Anyway, this movie rules, and as our own leading man Matt Walsh always says: Ad astra!
Hulu, rated TV-14, 45 minutes, four seasons (and a movie)
I’m ashamed to say I had never watched “Veronica Mars” before two weeks ago, and only vaguely knew of its existence thanks to online discussion and this one (very good) Motion City Soundtrack song. But thanks to hype around Season 4, which just dropped on Hulu, I started watching from the beginning.
Well, guess what: It slaps.
In case you are also unaware, “Veronica Mars” follows its titular character (Kristen Bell) as she works with her private detective father, Keith Mars (Enrico Colantoni), to solve the murder of Lily Kane (Amanda Seyfried), Veronica’s best friend and the sister of Veronica’s now-former boyfriend Duncan Kane (Teddy Dunn). That case — and its many off-shooting tendrils — is the overarching story of season one, but there is also a “case of the week” each episode, which varies in terms of tone.
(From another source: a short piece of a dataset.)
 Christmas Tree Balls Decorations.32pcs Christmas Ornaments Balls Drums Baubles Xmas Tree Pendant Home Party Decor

Sometimes, Veronica is figuring out who stole Neptune High’s parrot mascot, Polly, and other times she’s investigating whether a teacher had a sexual relationship with one of his students, or finding a missing neighbor who had been fighting with her live-in boyfriend.
There are a lot of elements of the show that seem like direct influences of more recent shows like “Riverdale,” most prominently being unafraid of going to heavy places. In the first episode, Veronica tells the audience that she was drugged and sexually assaulted at a party for rich kids (the 09ers, in reference to the zip code representing the 1% in the show’s fictionalized Neptune, Calif.) by an unknown assailant. People may — or may not — commit suicide. A kid meets his transgendered mother for the first time and reacts poorly.
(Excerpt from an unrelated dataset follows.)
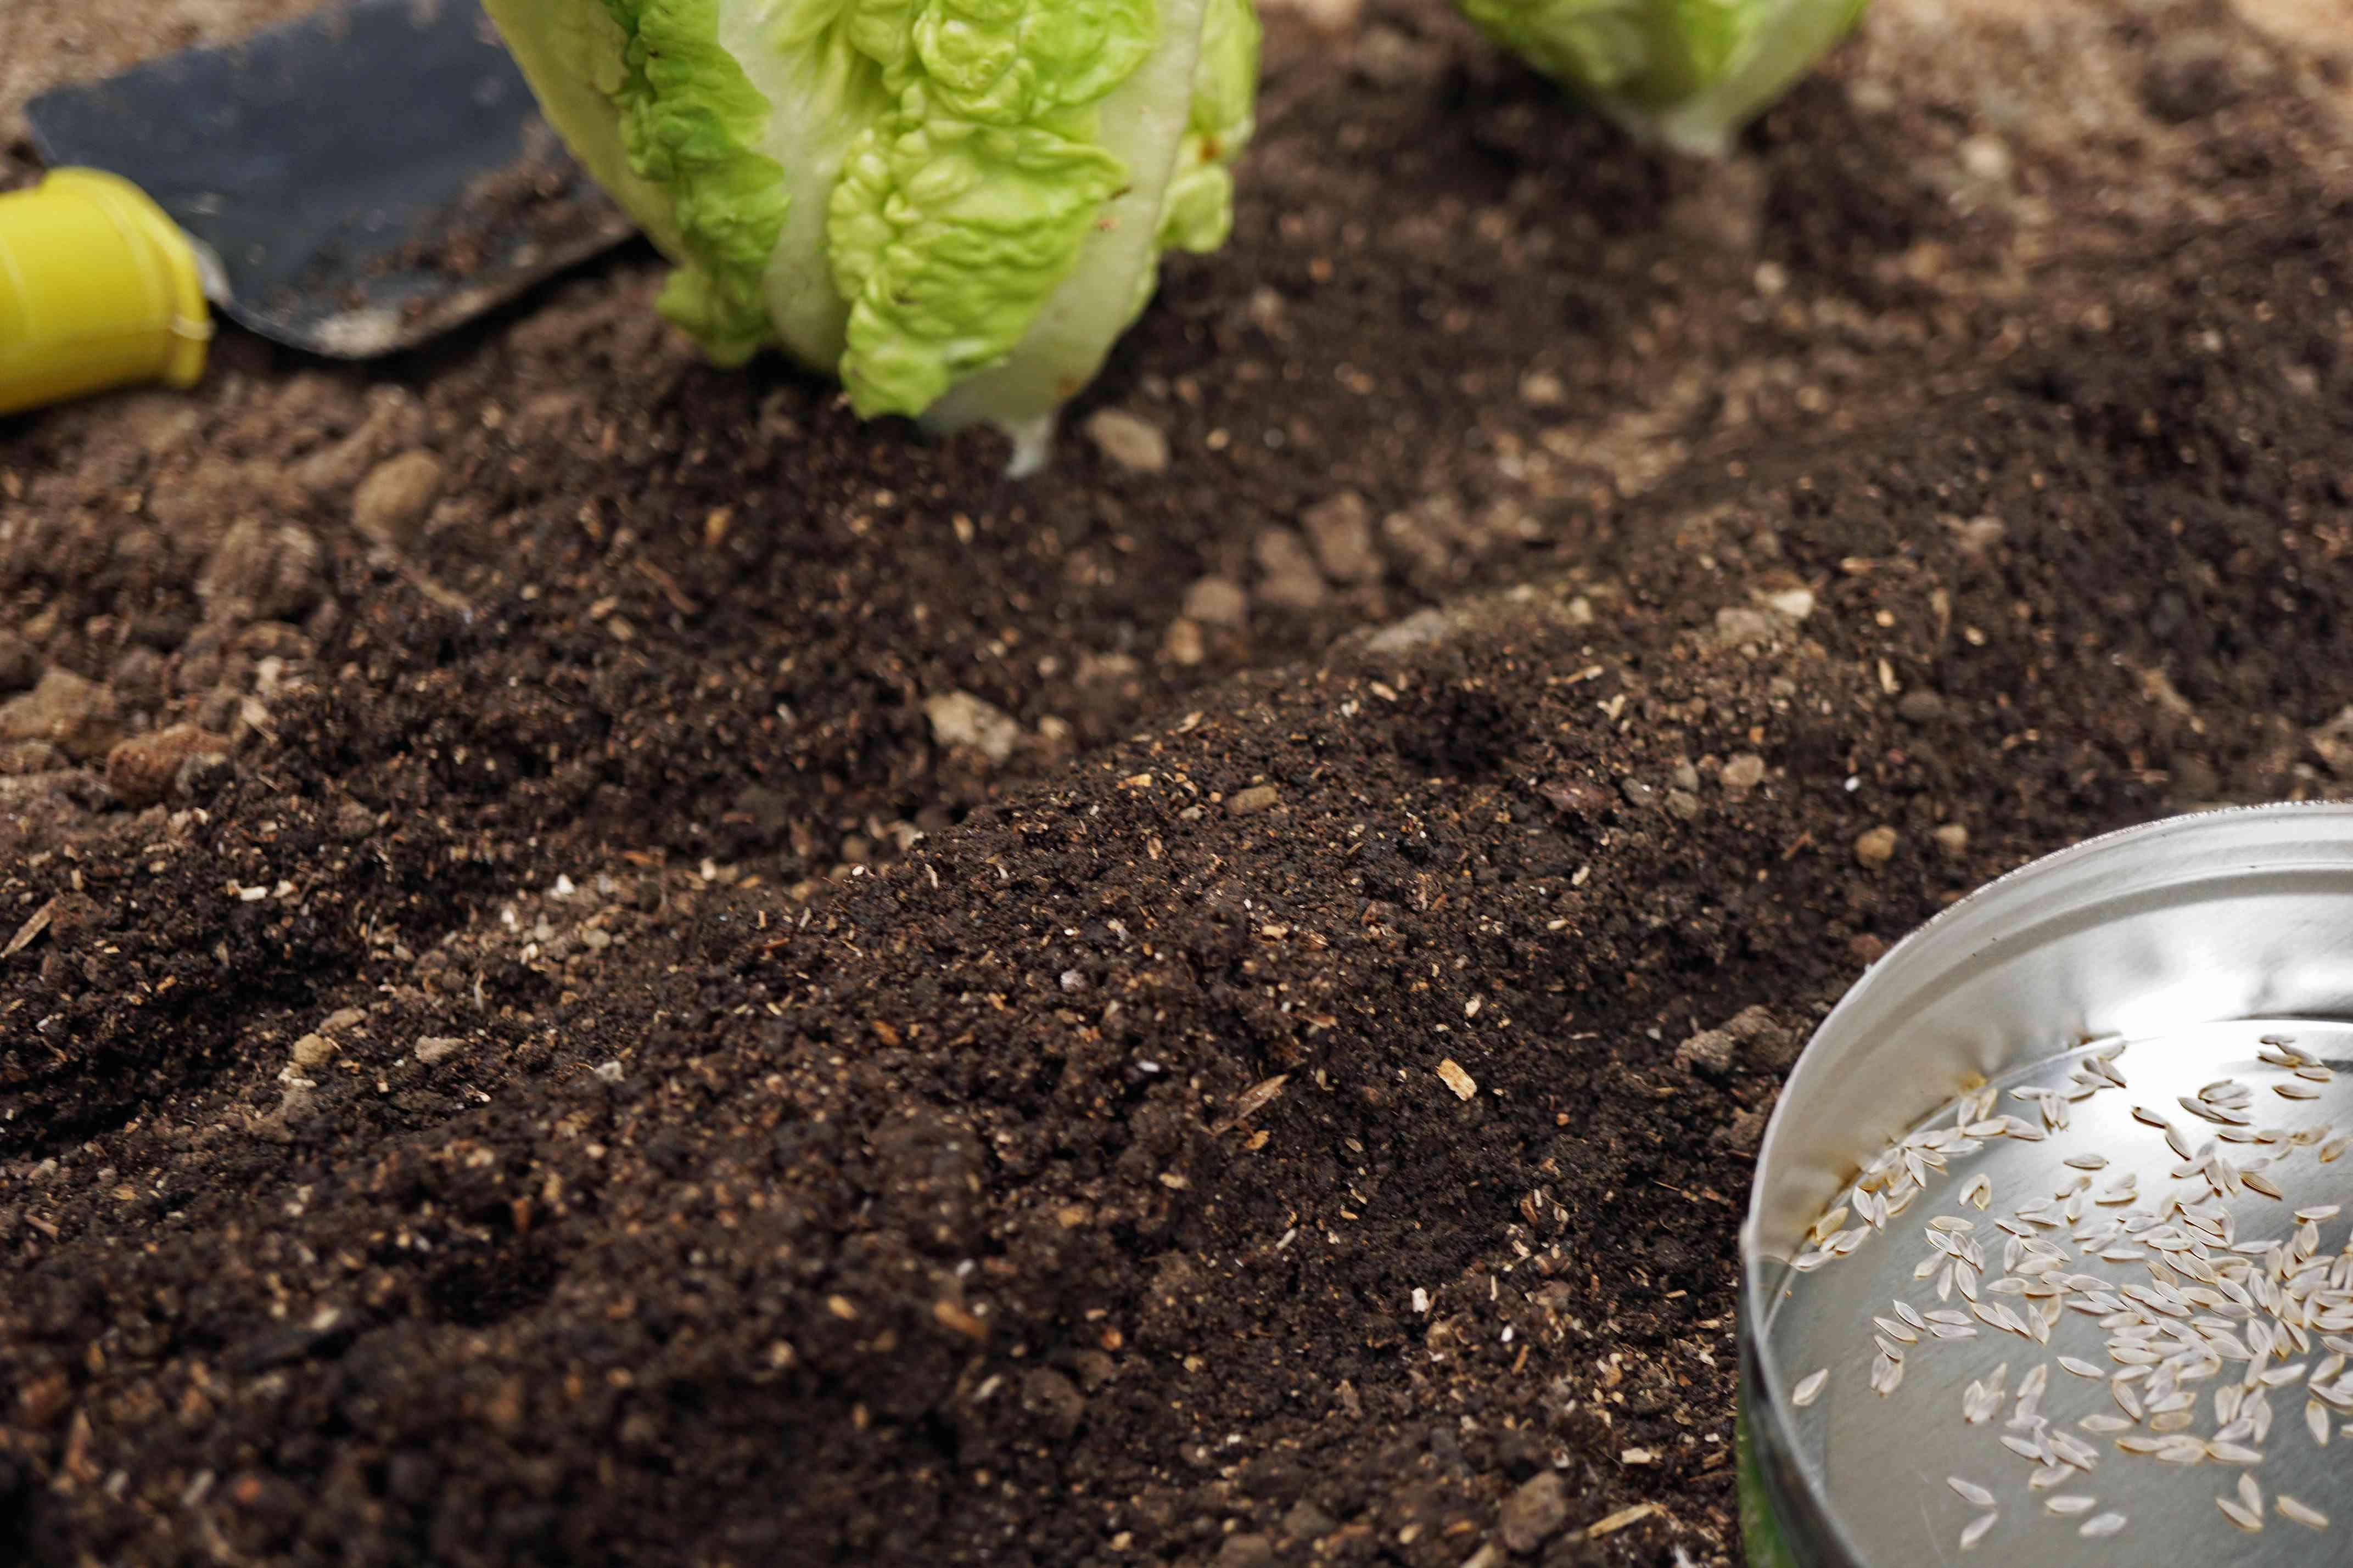 loose leaf lettuce seeds and dirt

There’s also a lot of casual racism thrown around, which shocked me at first before I realized it was an accurate portrayal of high school kids, especially in the early aughts. It doesn’t condone it; it’s just being realistic.
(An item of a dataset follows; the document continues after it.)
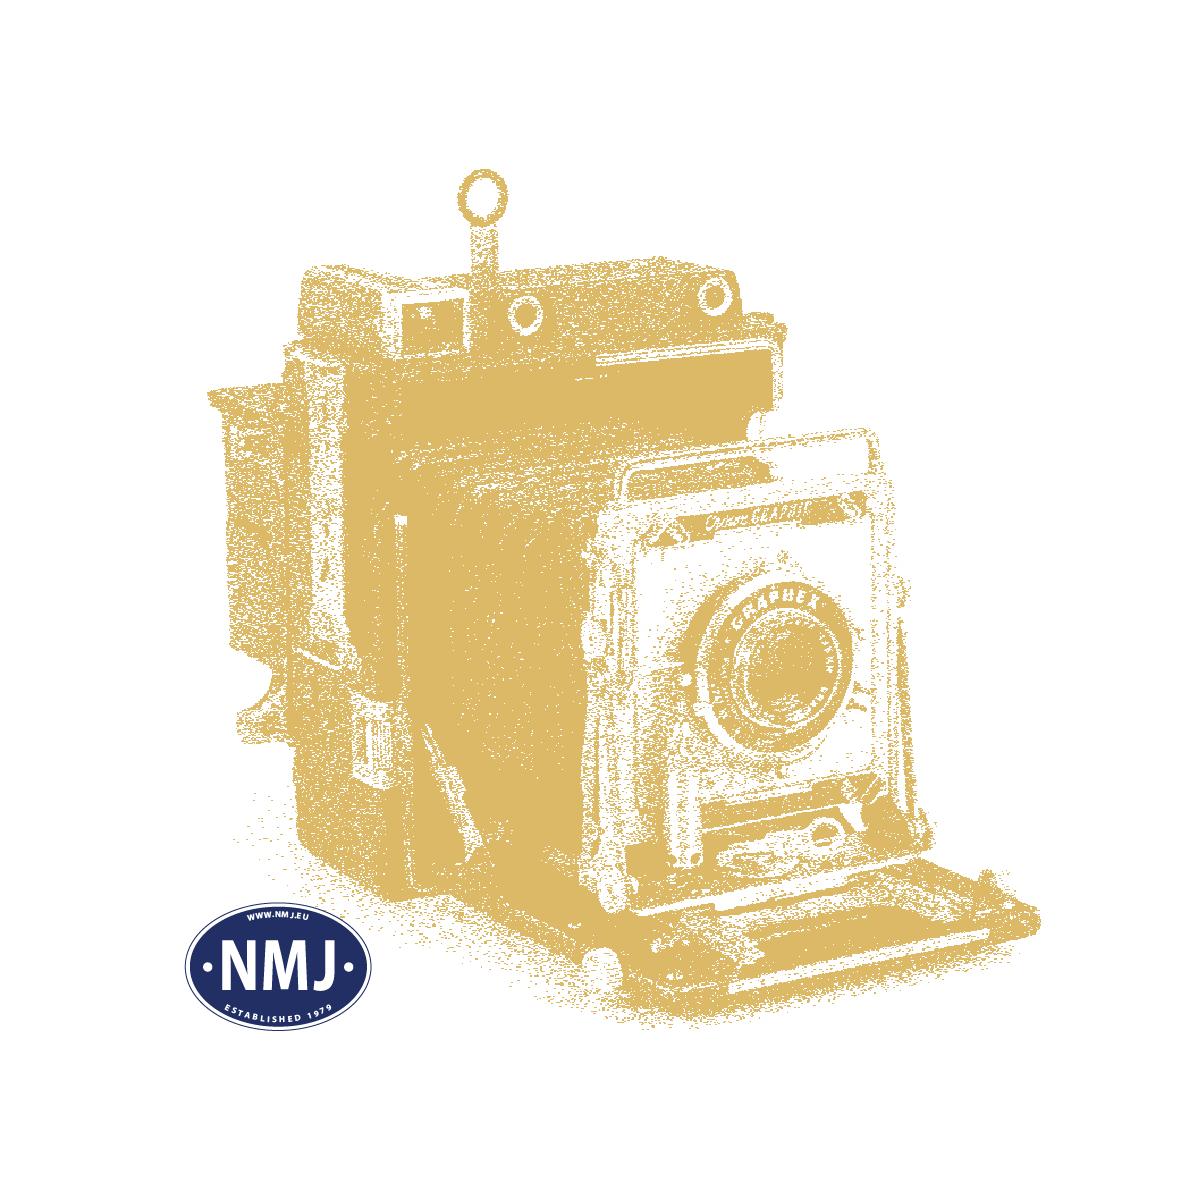 NMJT130.101 - NMJ Topline NSB B3-2 25503 Type 3, Gammeldesign

Some of the camera work is ... interesting, in ways that don’t completely work today, but I respect the show for taking those risks. The soundtrack is filled with indie rock/pop bangers from yesteryear, including an oddly-specific reference to The Postal Service that I appreciated nonetheless.
Some of the teen acting isn’t great, either, but Bell reminds you that she was destined to be a huge star, and the show gets some wild guest stars that make each episode a treat. I can’t speak to the quality of seasons two, three or four, or the movie, but season one is good enough to keep me watching the whole thing. It’s right in my wheelhouse. If you, too, like a Bildungsroman centered around mysteries, absolutely give “Veronica Mars” a shot.
Neil Armstrong (Ryan Gosling), on why space exploration is important, from “First Man”:
“I had a few opportunities in the X-15 to observe the atmosphere. It was so thin, such a small part of the Earth that you could barely see it at all. And when you're down here in the crowd and you look up, it looks pretty big and you don't think about it too much. But when you get a different vantage point it changes your perspective.
“I don't know what space exploration will uncover, but I don't think it'll be exploration just for the sake of exploration. I think it'll be more the fact that it allows us to see things that maybe we should have seen a long time ago, but haven't been able to until now.”